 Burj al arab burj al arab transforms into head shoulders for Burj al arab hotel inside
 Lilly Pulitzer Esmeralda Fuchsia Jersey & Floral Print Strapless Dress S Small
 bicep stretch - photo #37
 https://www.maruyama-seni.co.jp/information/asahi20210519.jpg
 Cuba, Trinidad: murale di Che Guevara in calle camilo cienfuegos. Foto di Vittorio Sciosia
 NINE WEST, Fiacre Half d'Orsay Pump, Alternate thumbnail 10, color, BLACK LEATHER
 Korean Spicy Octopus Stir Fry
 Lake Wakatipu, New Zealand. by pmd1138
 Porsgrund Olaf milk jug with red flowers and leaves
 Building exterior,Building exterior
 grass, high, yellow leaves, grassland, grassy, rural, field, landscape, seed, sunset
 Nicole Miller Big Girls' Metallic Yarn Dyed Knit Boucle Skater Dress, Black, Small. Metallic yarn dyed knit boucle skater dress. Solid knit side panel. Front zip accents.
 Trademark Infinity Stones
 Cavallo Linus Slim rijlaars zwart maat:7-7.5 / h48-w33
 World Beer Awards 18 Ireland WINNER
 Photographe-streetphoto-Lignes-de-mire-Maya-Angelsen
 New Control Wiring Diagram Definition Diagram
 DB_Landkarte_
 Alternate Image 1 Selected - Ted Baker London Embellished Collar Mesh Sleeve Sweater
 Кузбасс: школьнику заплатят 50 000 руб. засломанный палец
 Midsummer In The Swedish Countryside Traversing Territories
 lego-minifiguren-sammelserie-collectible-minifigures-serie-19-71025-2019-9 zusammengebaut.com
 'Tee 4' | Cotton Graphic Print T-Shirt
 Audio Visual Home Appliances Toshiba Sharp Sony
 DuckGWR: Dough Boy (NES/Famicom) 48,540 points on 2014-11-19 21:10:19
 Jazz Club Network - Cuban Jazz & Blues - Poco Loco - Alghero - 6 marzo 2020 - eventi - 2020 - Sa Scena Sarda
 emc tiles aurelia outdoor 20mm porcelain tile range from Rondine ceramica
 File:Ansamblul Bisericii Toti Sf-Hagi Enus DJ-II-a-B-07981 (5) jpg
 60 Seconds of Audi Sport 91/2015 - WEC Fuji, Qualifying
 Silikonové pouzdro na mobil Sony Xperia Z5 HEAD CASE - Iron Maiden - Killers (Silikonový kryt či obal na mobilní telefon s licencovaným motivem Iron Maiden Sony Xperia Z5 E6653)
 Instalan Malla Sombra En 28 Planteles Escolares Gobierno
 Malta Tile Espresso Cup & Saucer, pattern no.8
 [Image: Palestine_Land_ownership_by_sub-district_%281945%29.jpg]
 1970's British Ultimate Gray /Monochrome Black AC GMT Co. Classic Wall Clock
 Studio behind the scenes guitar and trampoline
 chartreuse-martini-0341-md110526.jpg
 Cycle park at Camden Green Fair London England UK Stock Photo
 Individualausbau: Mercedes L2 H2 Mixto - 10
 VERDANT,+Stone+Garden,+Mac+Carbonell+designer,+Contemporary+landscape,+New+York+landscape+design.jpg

▸ **To do**
Show all lines from the listing above in which "Alternate" appears.

▸ **Result of this task**
 NINE WEST, Fiacre Half d'Orsay Pump, Alternate thumbnail 10, color, BLACK LEATHER
 Alternate Image 1 Selected - Ted Baker London Embellished Collar Mesh Sleeve Sweater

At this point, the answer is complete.